Fitzgerald was raised in St. Paul, Minnesota, and educated for the most part in Catholic schools. He described himself as a “Chestertonian Catholic” while at Princeton but soon abandoned the faith, though he was married in a chapel of St. Patrick’s Cathedral in New York City. Identified as a spokesman for the licentious era of jazz, speakeasies, and flappers in the 1920s, Fitzgerald was denied a Catholic burial by the Archdiocese of Baltimore when he died in 1940. Writing about Gatsby, few critics seem to discern anything specifically Catholic in the novel’s narrative design or symbolism, and most dismiss the religious references as window dressing.

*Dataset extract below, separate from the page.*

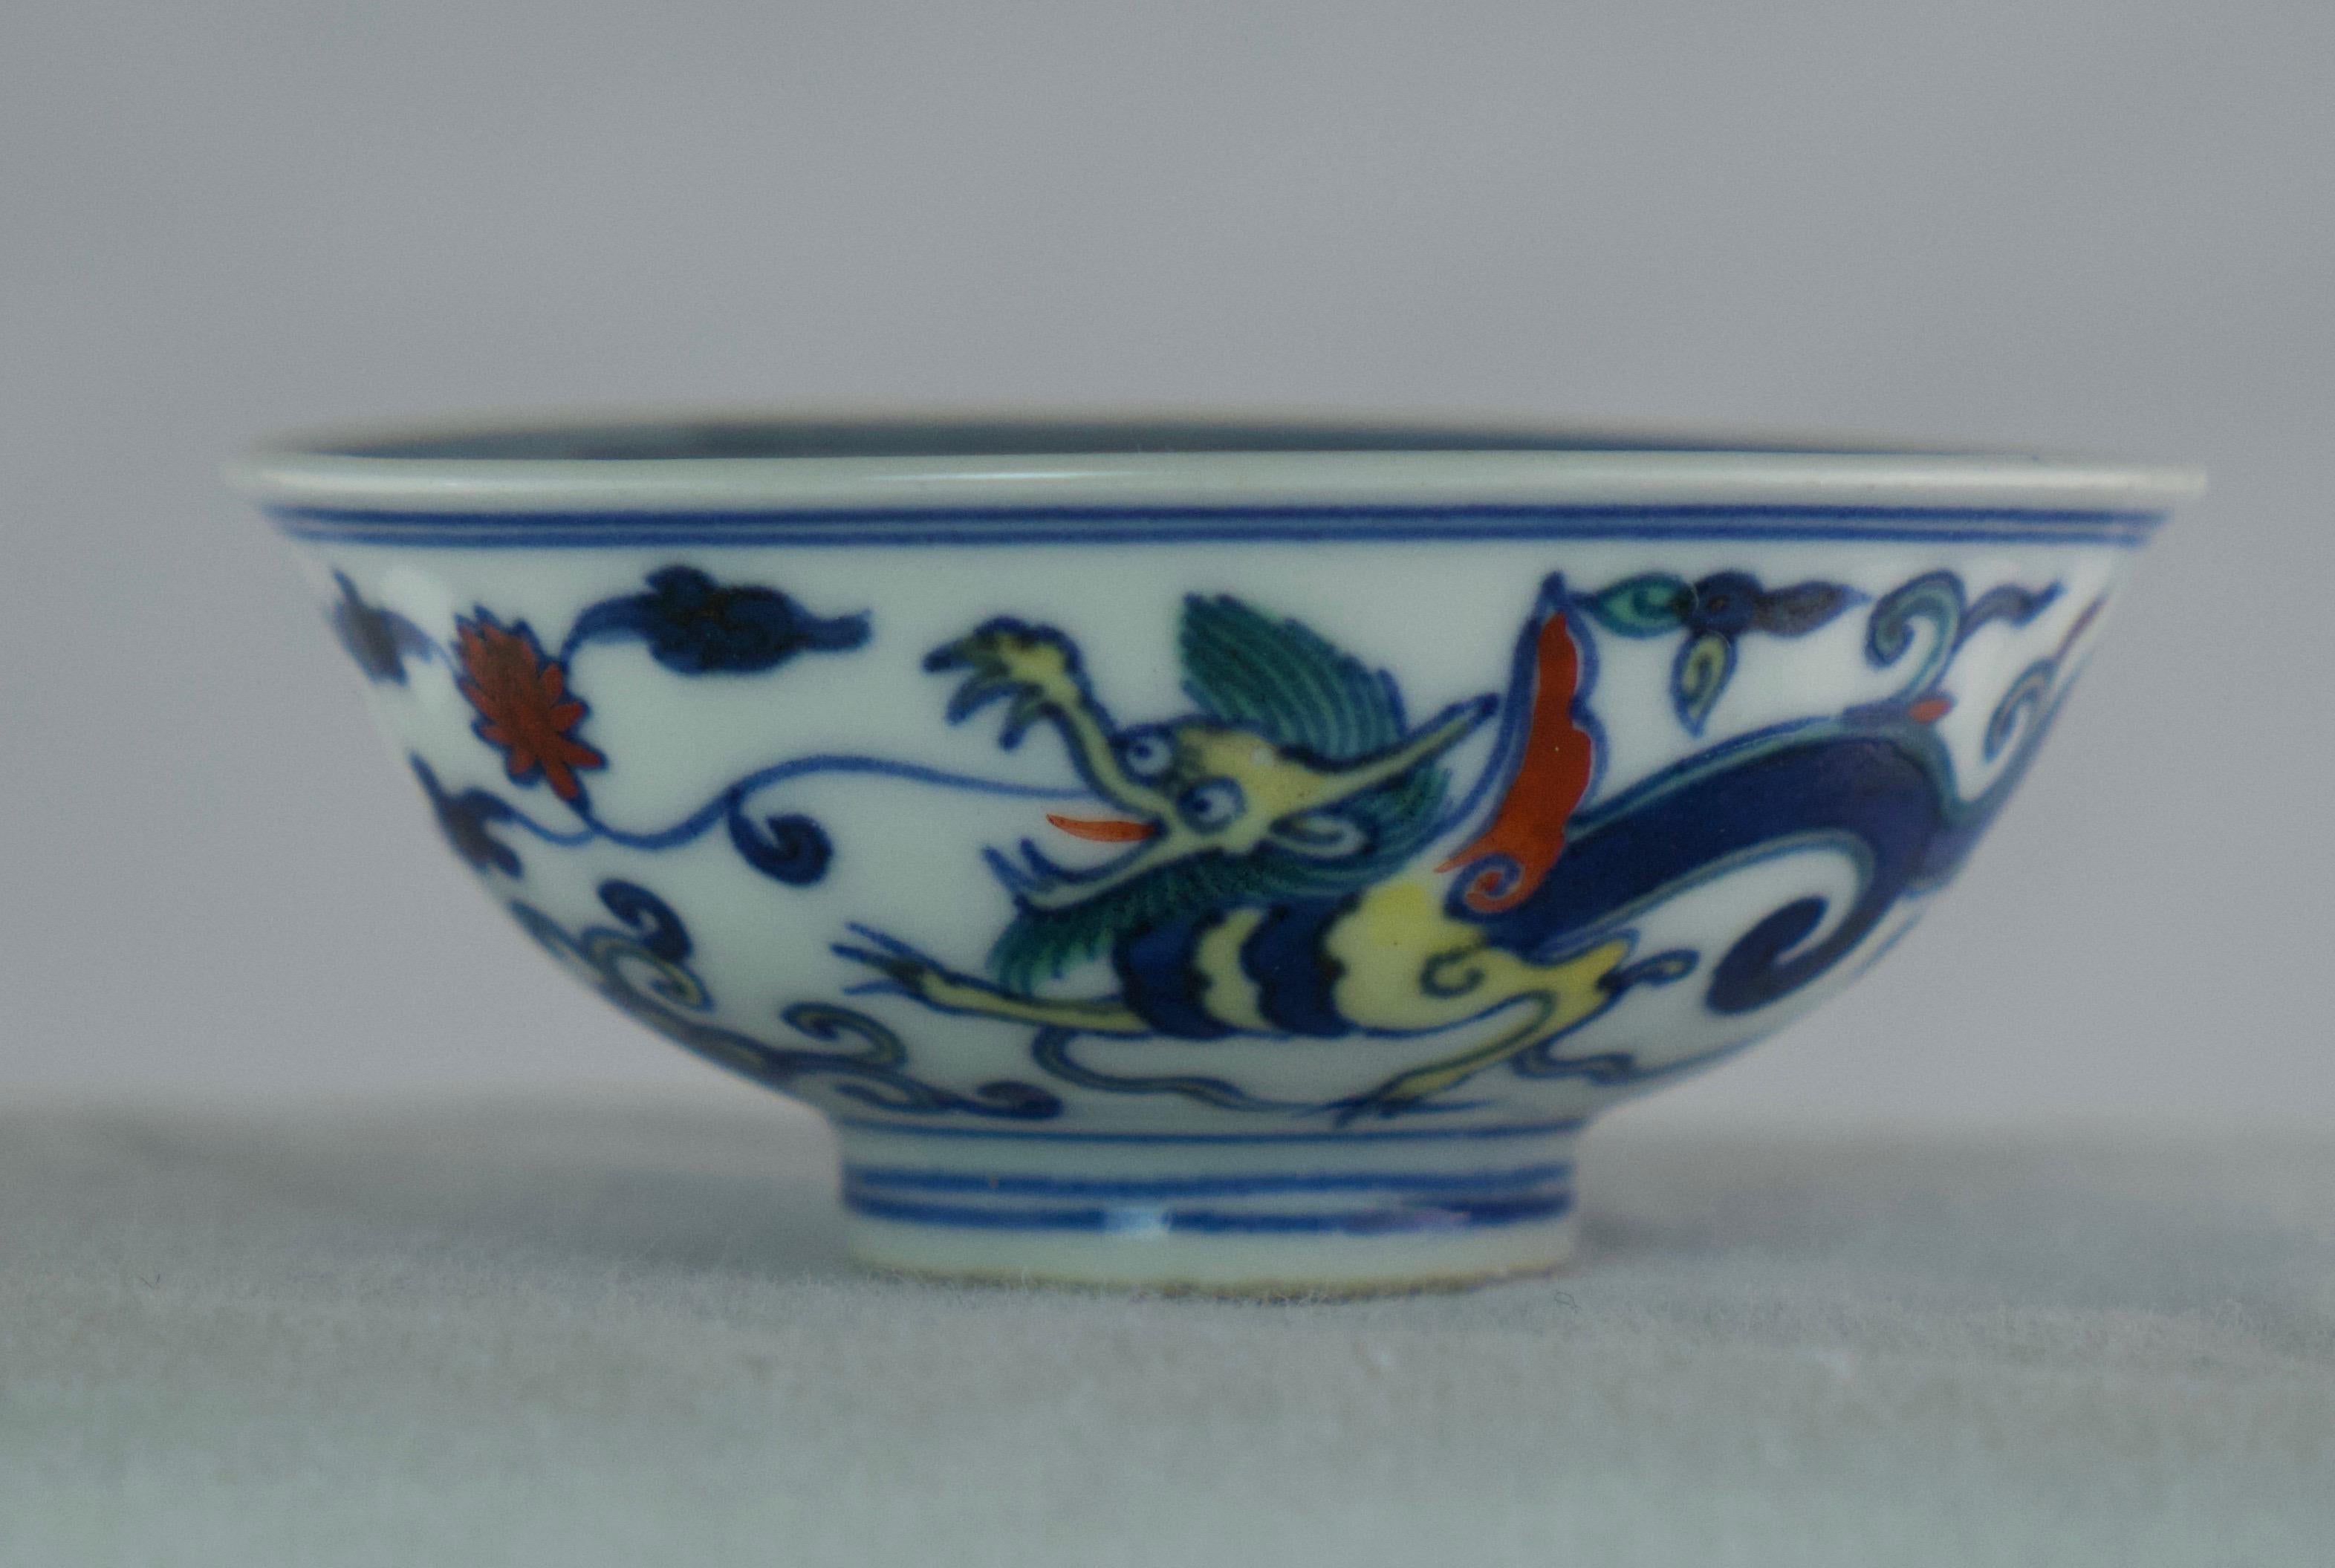 A small Chinese cup with painted decorations of a dragon in mostly blue colours. Marked underneath.

In a recent New York Times article, A. O. Scott argues that the novel’s enduring popularity has told “us about how we see ourselves” over the past hundred years. First there was “Jazz Age Gatsby,” “folded into a world of Prohibition-fueled naughtiness, Wall Street-enabled materialism, and the anomie that followed the Great War and the great influenza pandemic.” In Scott’s scheme, that was followed by “Existential Gatsby,” a postwar understanding of the novel as a “commentary on the predicament of modern man…. [Gatsby’s] death, an act of senseless violence, is a textbook case of the absurd.” Eventually we arrive at “Hip-Hop Gatsby,” introduced by Baz Luhrmann’s 2013 film version with a soundtrack provided by hip-hop mogul Jay-Z. “Like the jazz of the 1920s,” Scott contends, “hip-hop is a Black American musical idiom that has become the soundtrack of the era, a complex, fast-evolving art form freighted with aesthetic possibility.” Jay-Z, like Gatsby, “is a self-made man, a one-time dealer in illegal substance who has ascended to the highest levels of wealth and power.” Scott argues, quoting the critic Alonzo Vereen, that Gatsby’s “American identity is so ambiguous that the students could layer on top of it any ethnic or racial identity they brought to the novel. When they did, the text was freshly lit.”
Curiously, one of the ways the novel tells us about how we see ourselves—namely, how Catholicism has influenced American identity and literature—is not mentioned. That seems an odd oversight since Gatsby’s character first took shape in Fitzgerald’s imagination for the short story “Absolution,” arguably his most explicitly Catholic piece of writing. The story, about a young boy’s difficult family, his failed effort to tell the truth in the confessional, and a troubled priest, was an initial exploration of Gatsby’s humble Midwestern roots. Fitzgerald cut it from early drafts of the novel, turning it into a separate, seemingly unrelated story. For the novel, he wanted Gatsby’s past to remain more obscure.